* Exercise details *
Print the data verbatim. Leave every image out.
Data below:
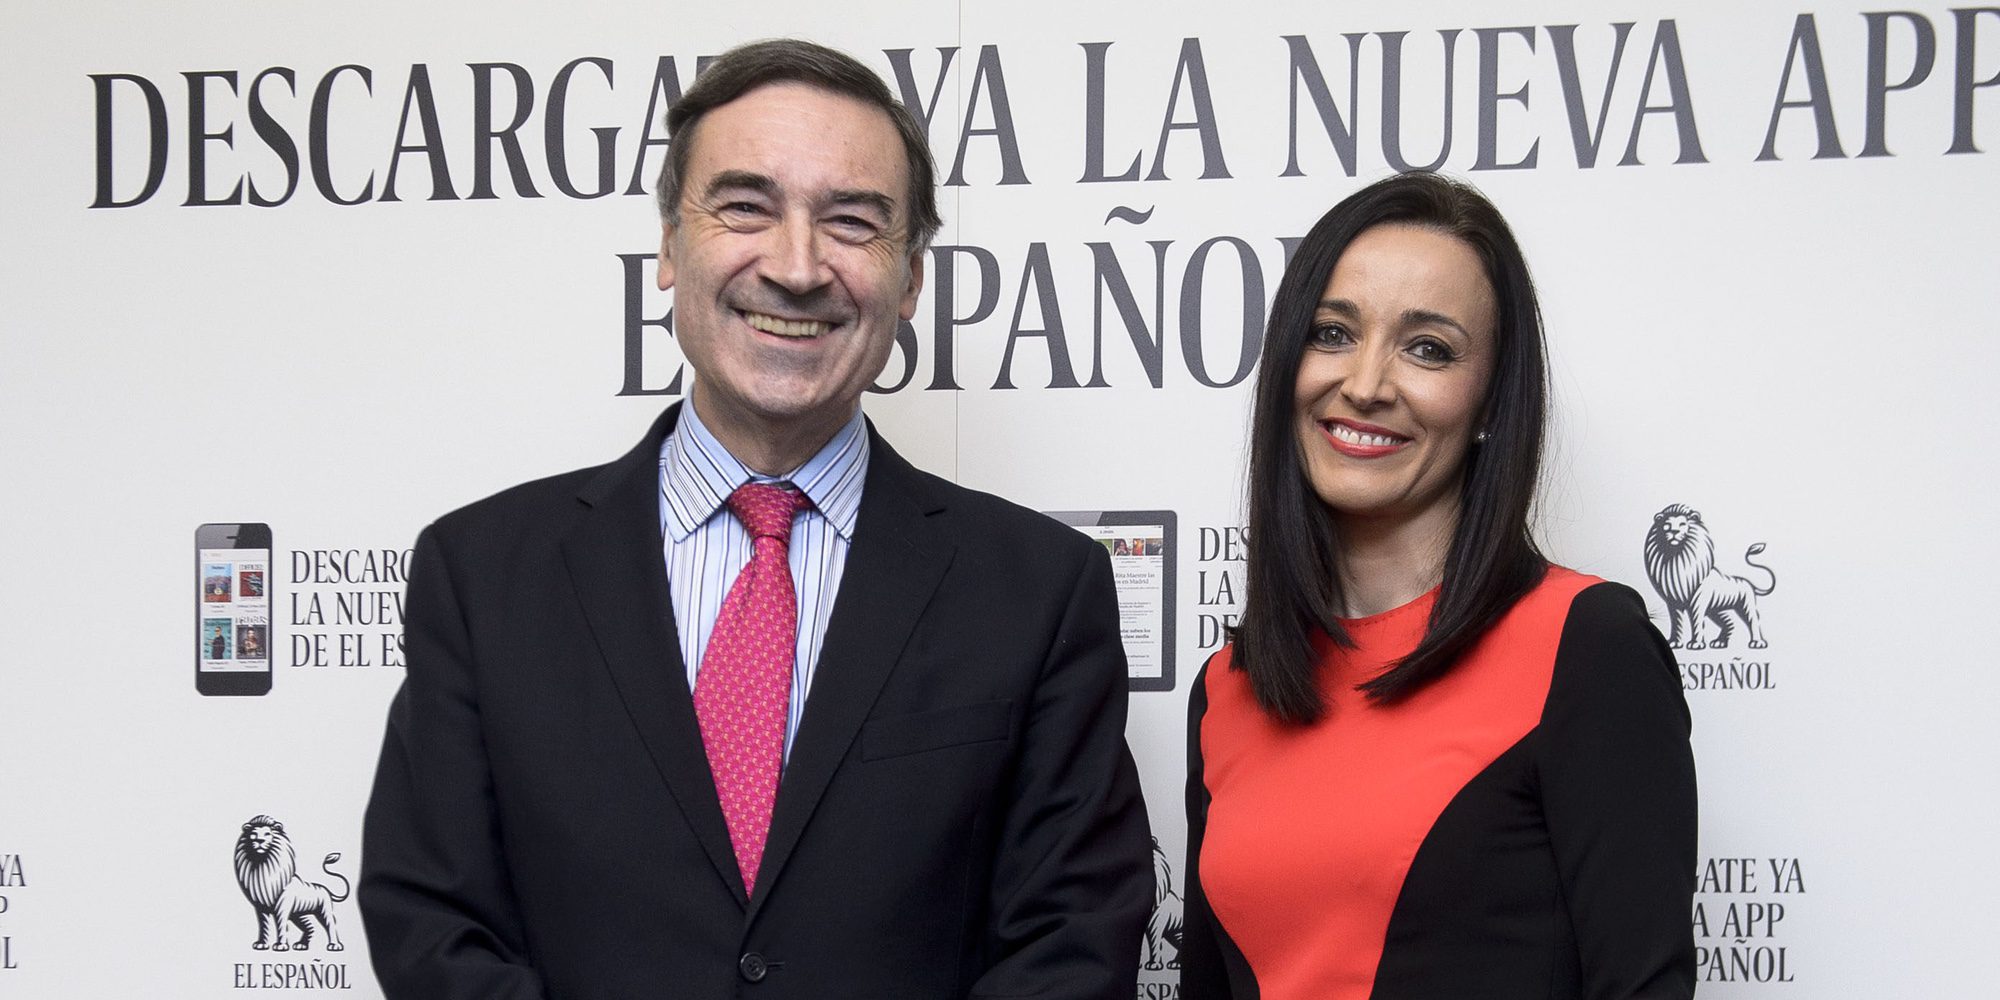 Pedro J. Ramírez y Cruz Sánchez de Lara estrenan casoplón de 3 millones de euros
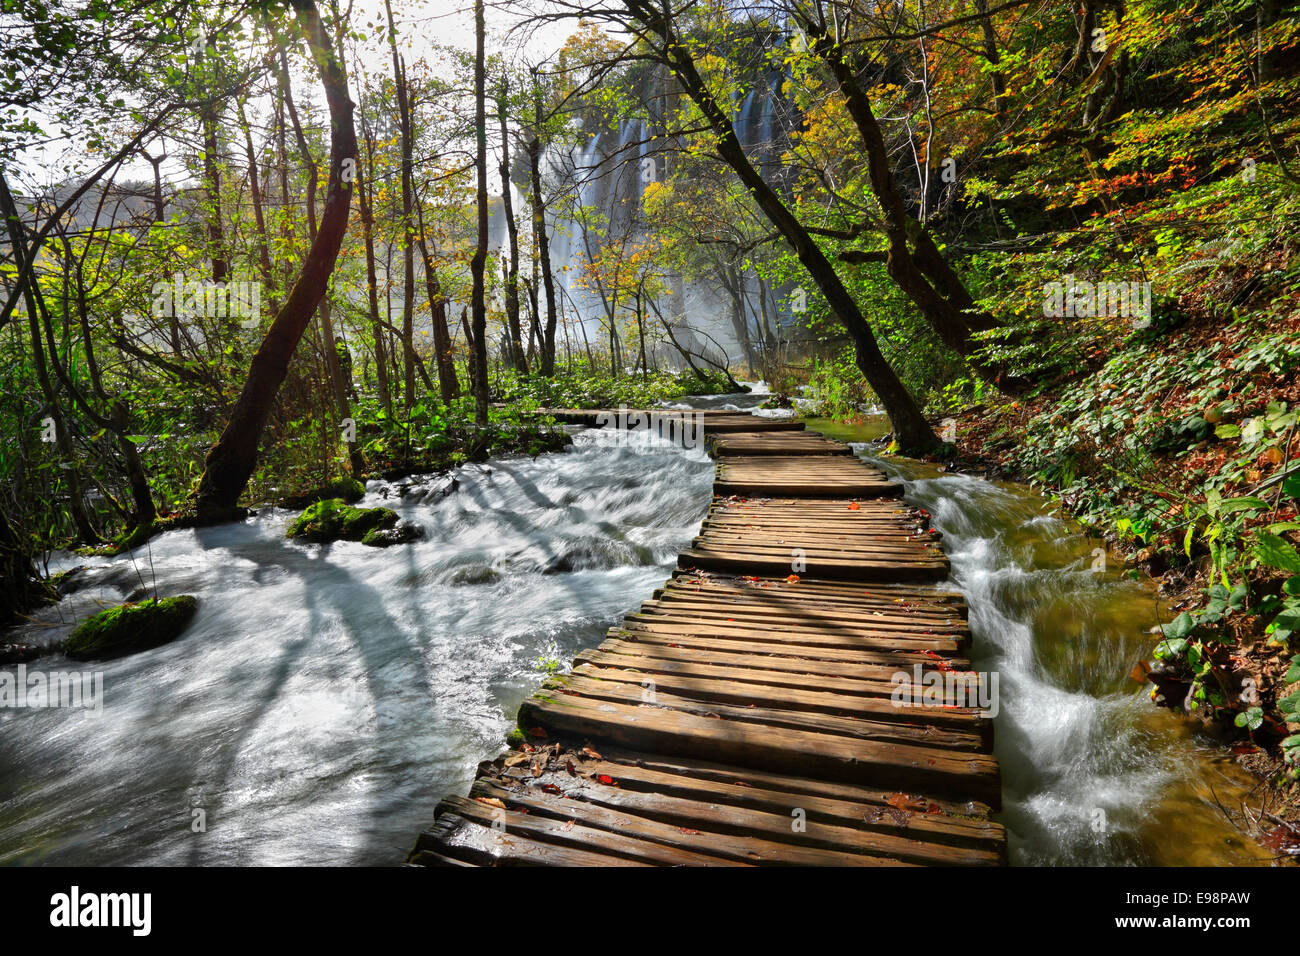 Le parc national des lacs de Plitvice, Croatie Banque D'Images
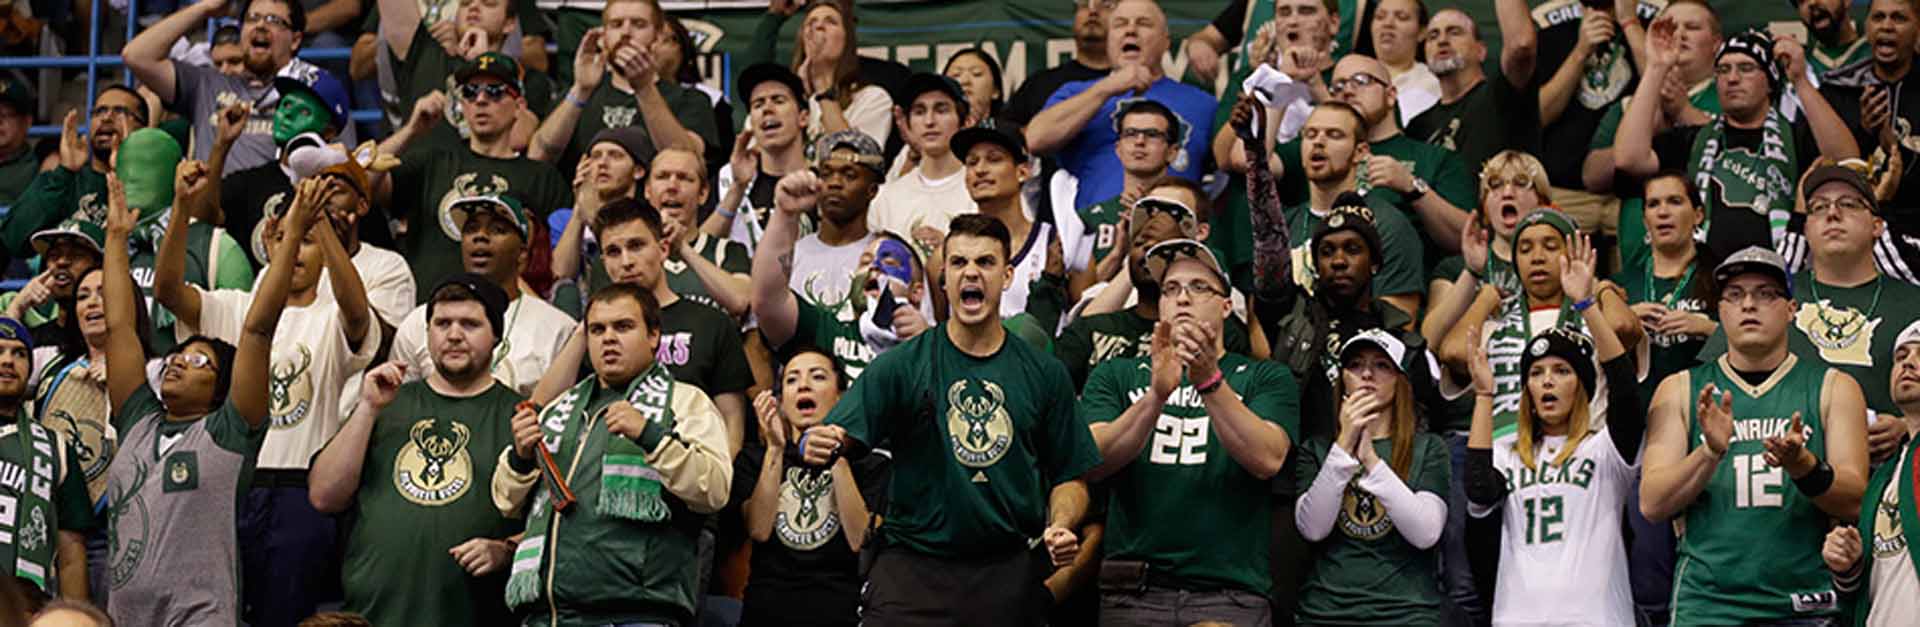 Milwaukee Bucks Fans | Sports Law | Sport$Biz
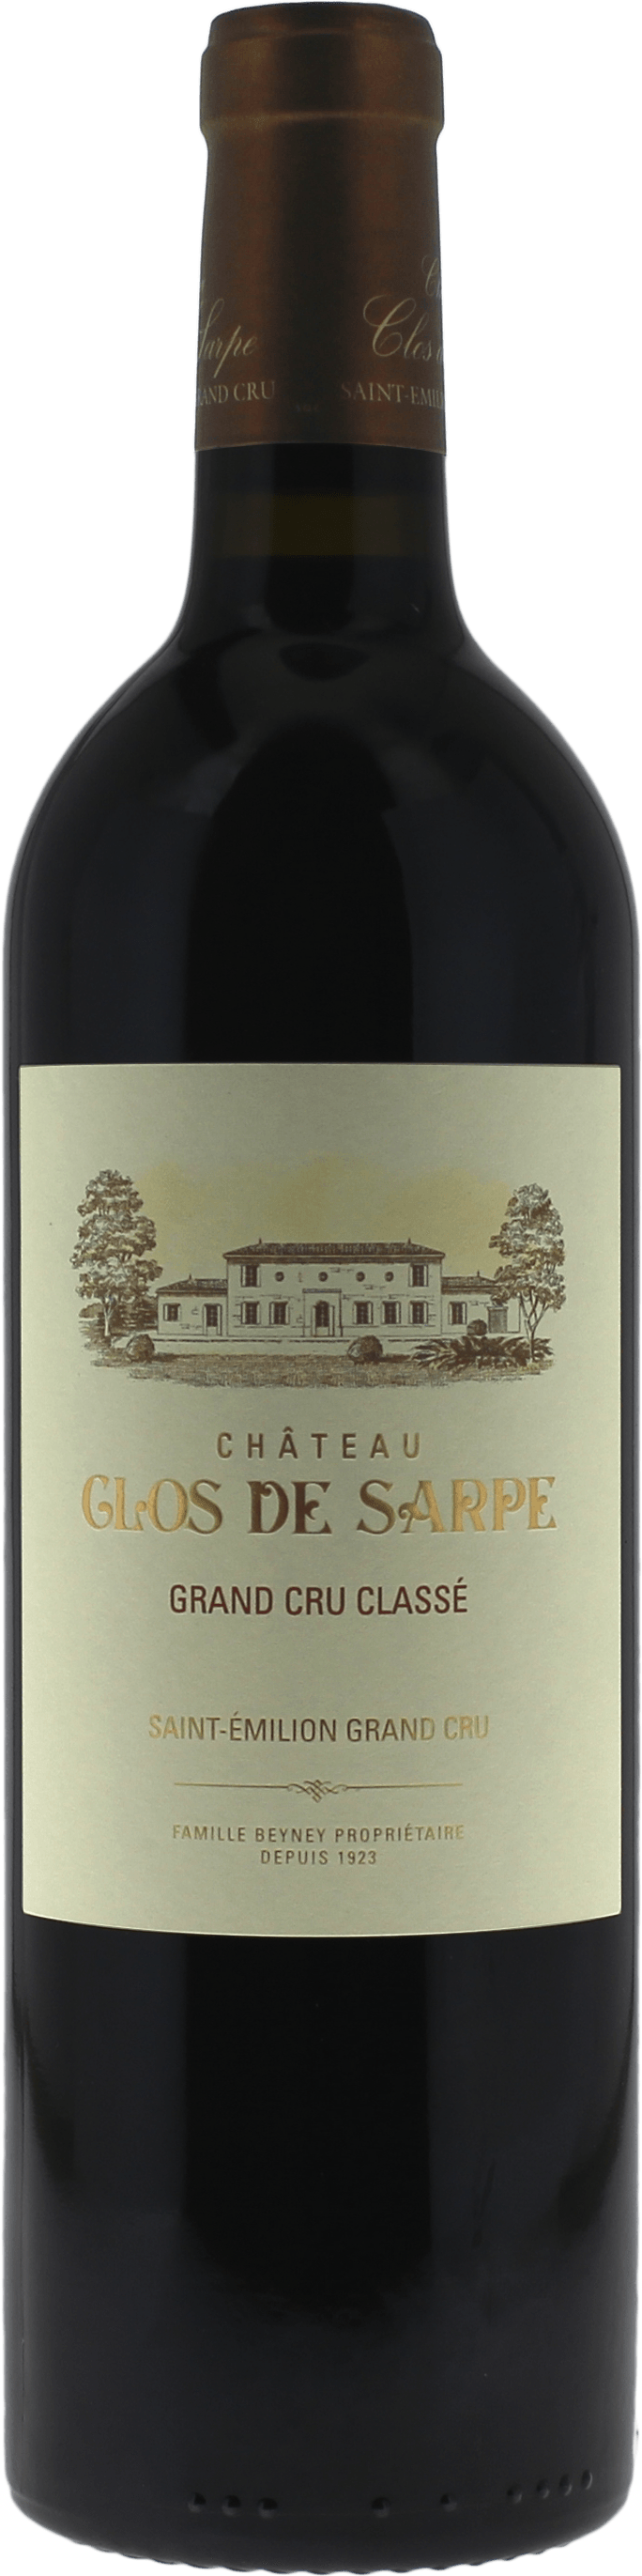 Clos de sarpe 2014 Grand Cru Class Saint-Emilion, Bordeaux rouge
End of Data.
* Response below *
 Pedro J. Ramírez y Cruz Sánchez de Lara estrenan casoplón de 3 millones de euros
 Le parc national des lacs de Plitvice, Croatie Banque D'Images
 Milwaukee Bucks Fans | Sports Law | Sport$Biz
 Clos de sarpe 2014 Grand Cru Class Saint-Emilion, Bordeaux rouge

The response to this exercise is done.